- _Directions_
An exact copy of the data is needed, one that excludes all pictures.

*** Opening Dataset excerpt ***

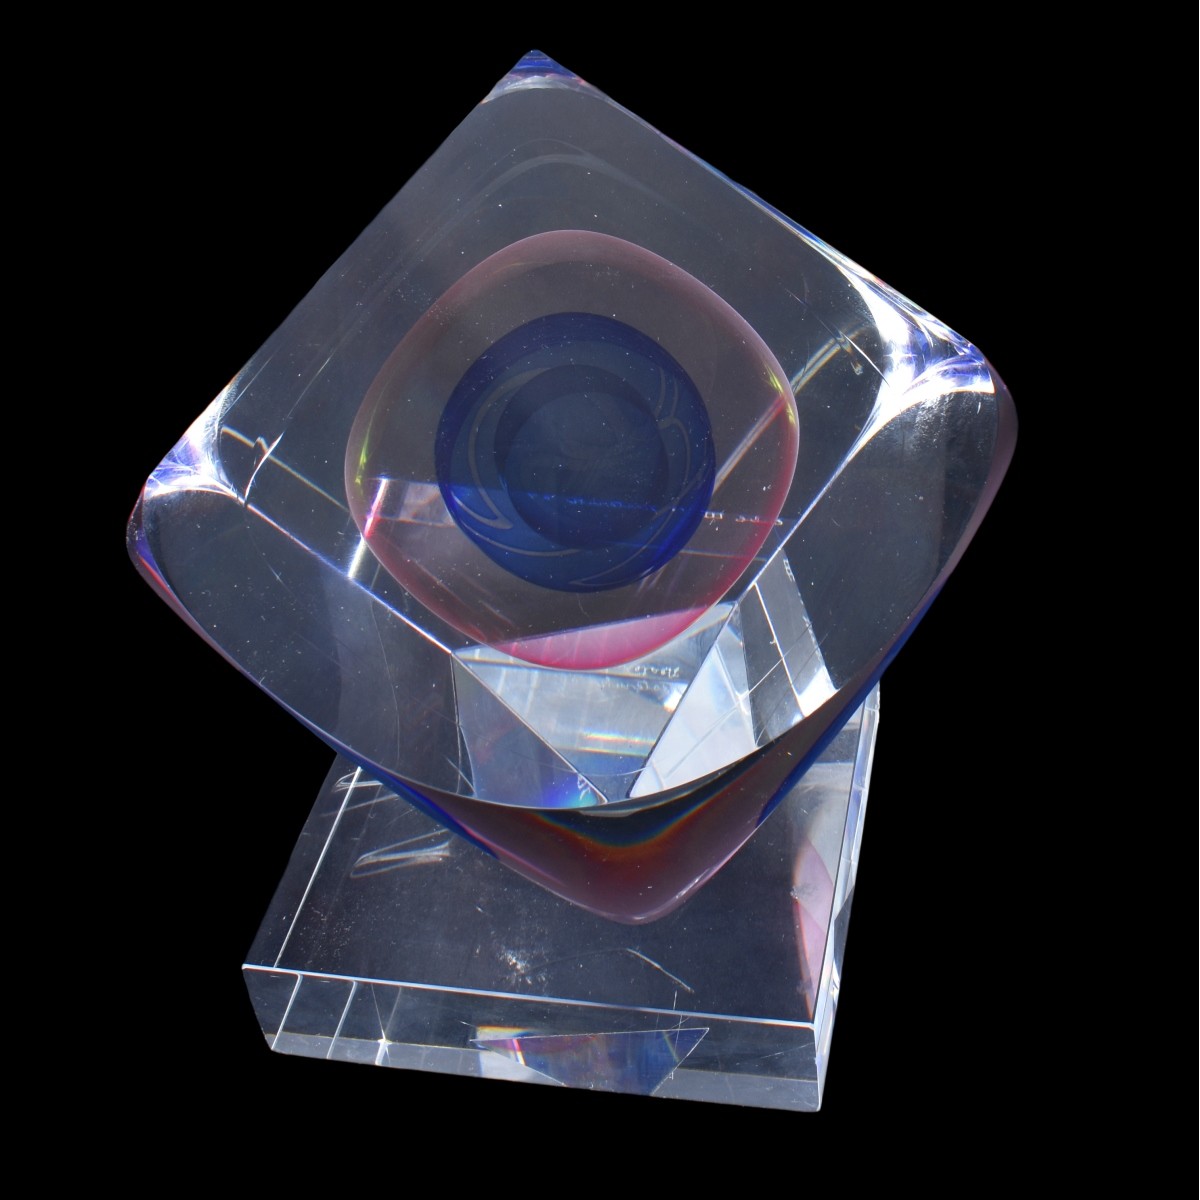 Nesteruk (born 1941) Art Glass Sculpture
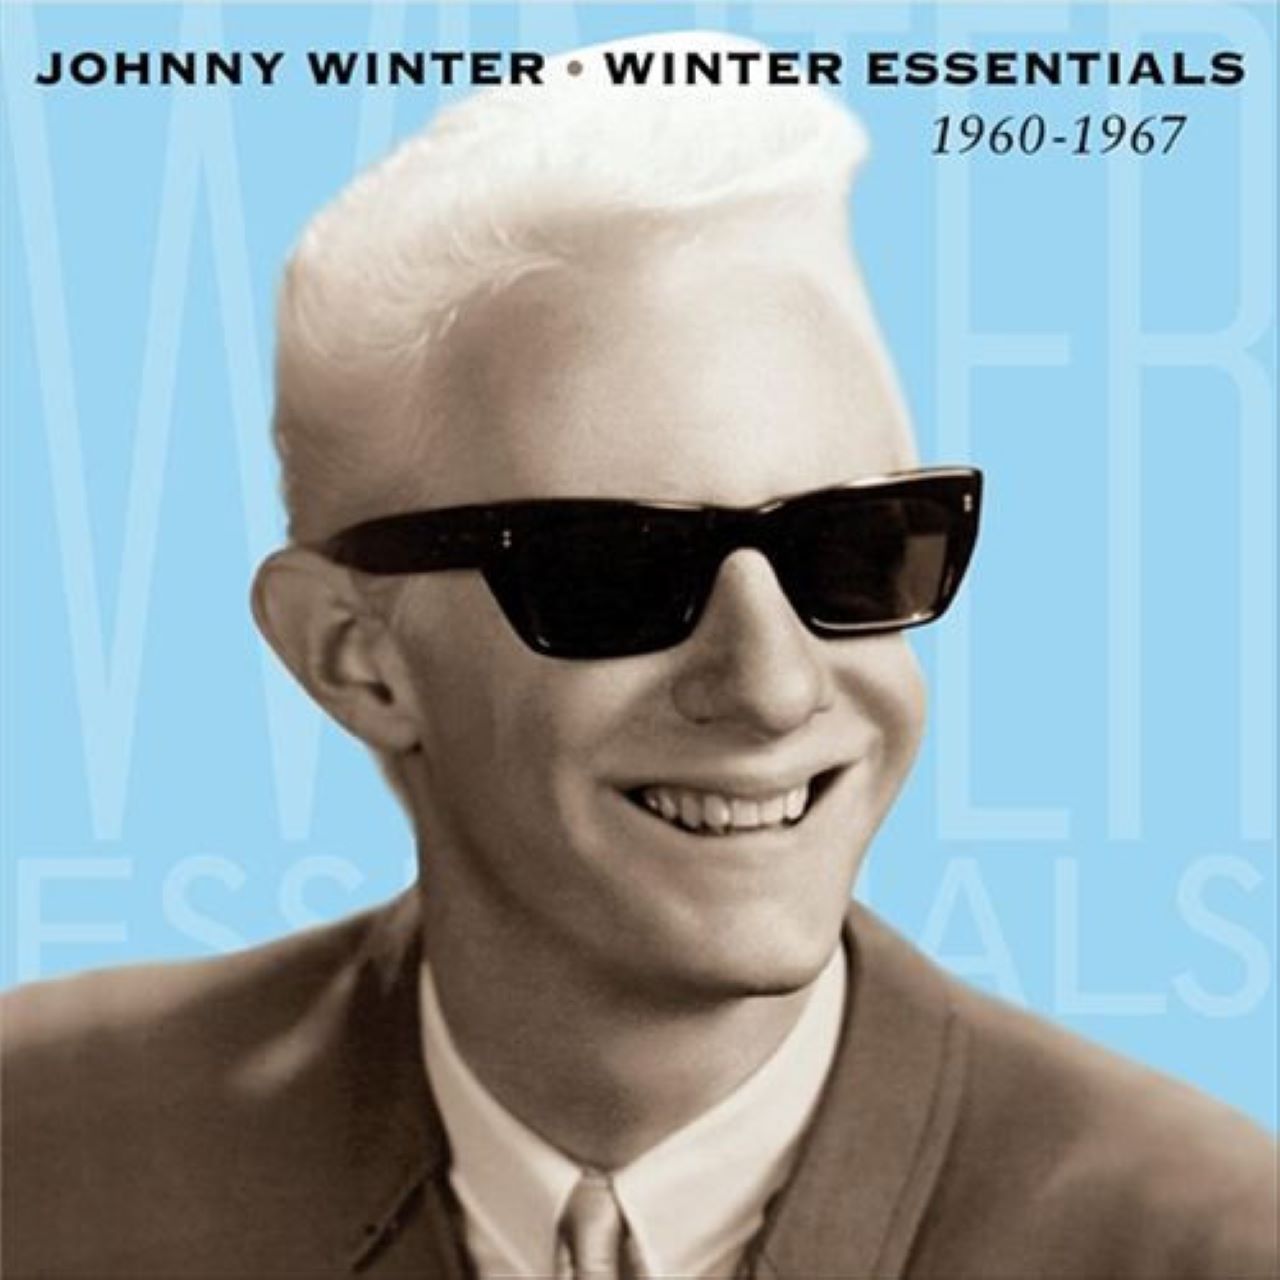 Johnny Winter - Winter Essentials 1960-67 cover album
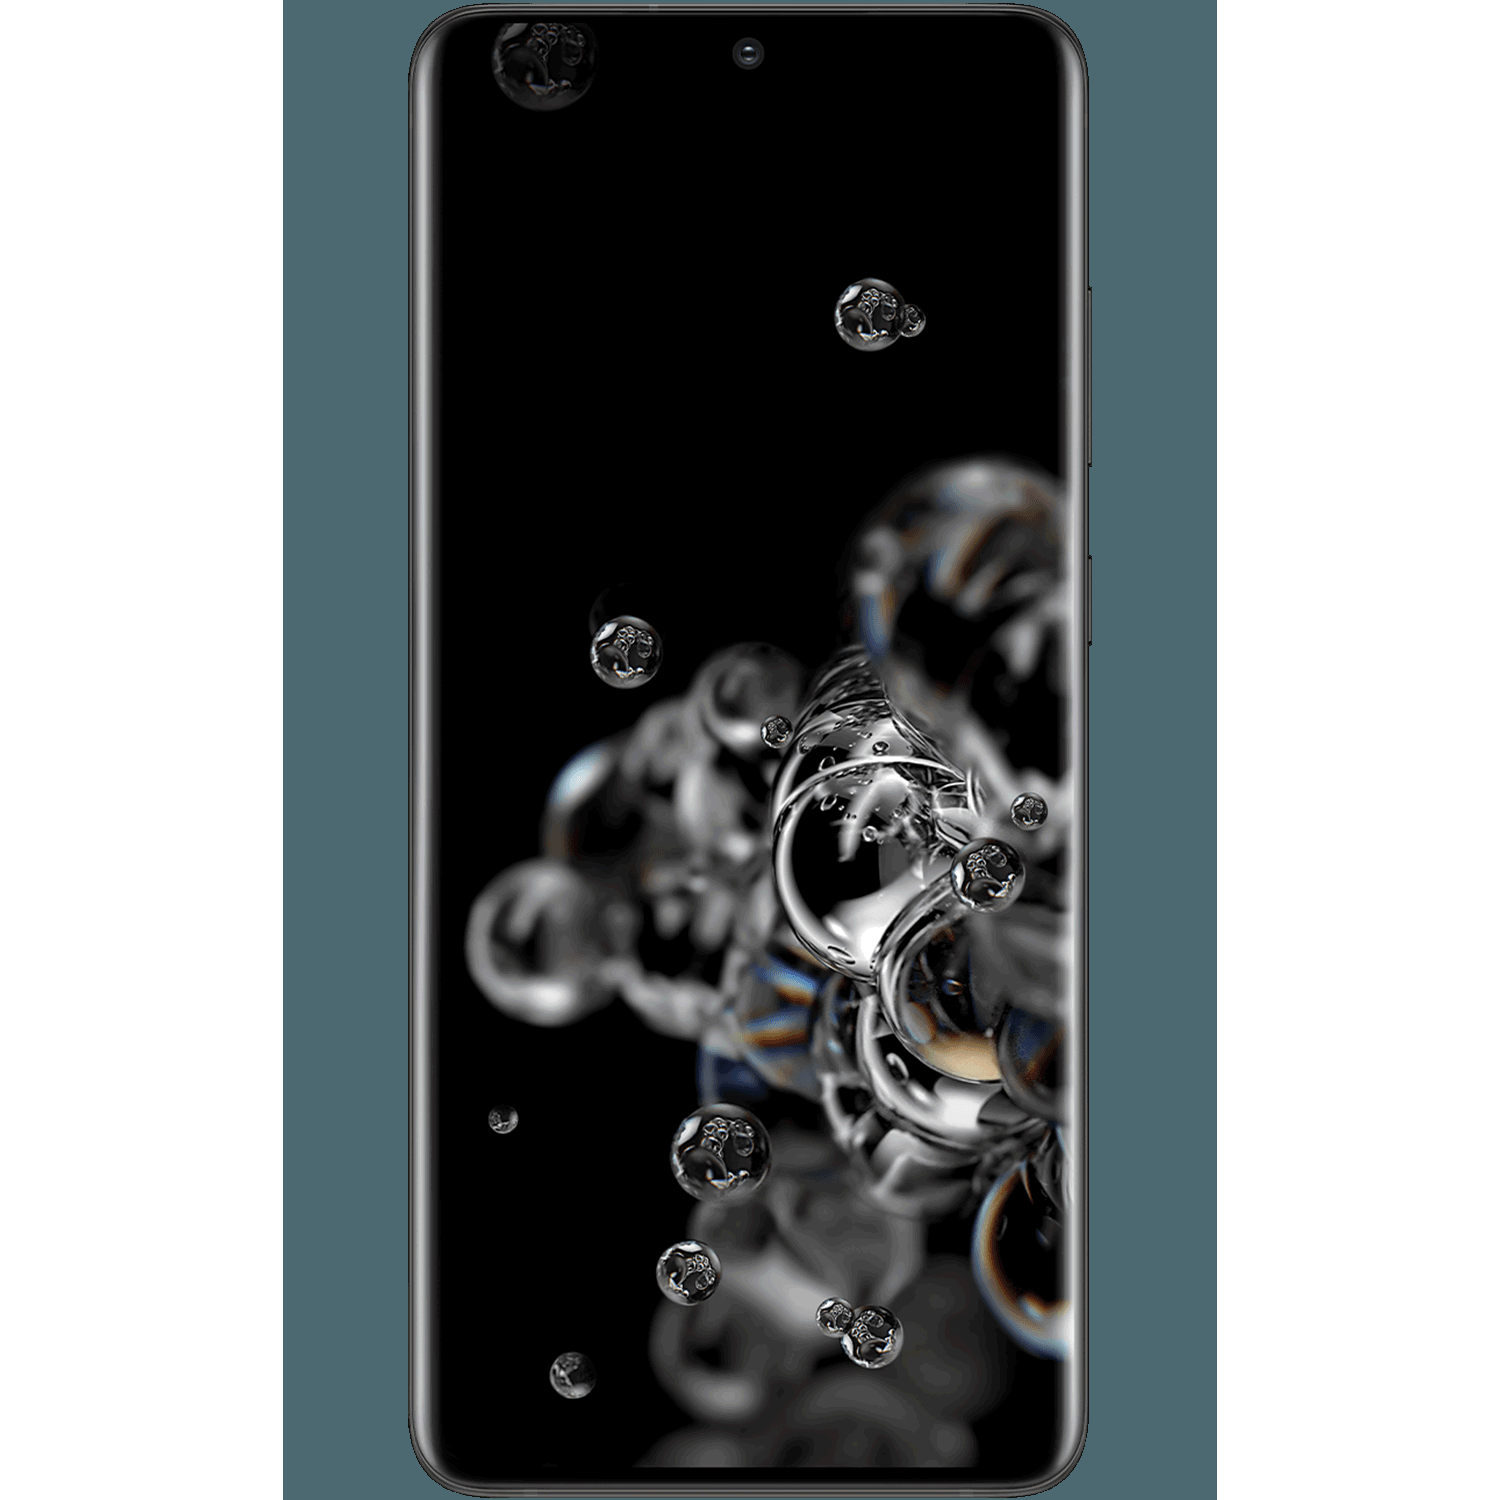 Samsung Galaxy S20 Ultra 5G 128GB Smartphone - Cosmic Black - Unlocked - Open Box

*** Closing Dataset excerpt ***

- _Output of the task_
 Nesteruk (born 1941) Art Glass Sculpture
 Johnny Winter - Winter Essentials 1960-67 cover album
 Samsung Galaxy S20 Ultra 5G 128GB Smartphone - Cosmic Black - Unlocked - Open Box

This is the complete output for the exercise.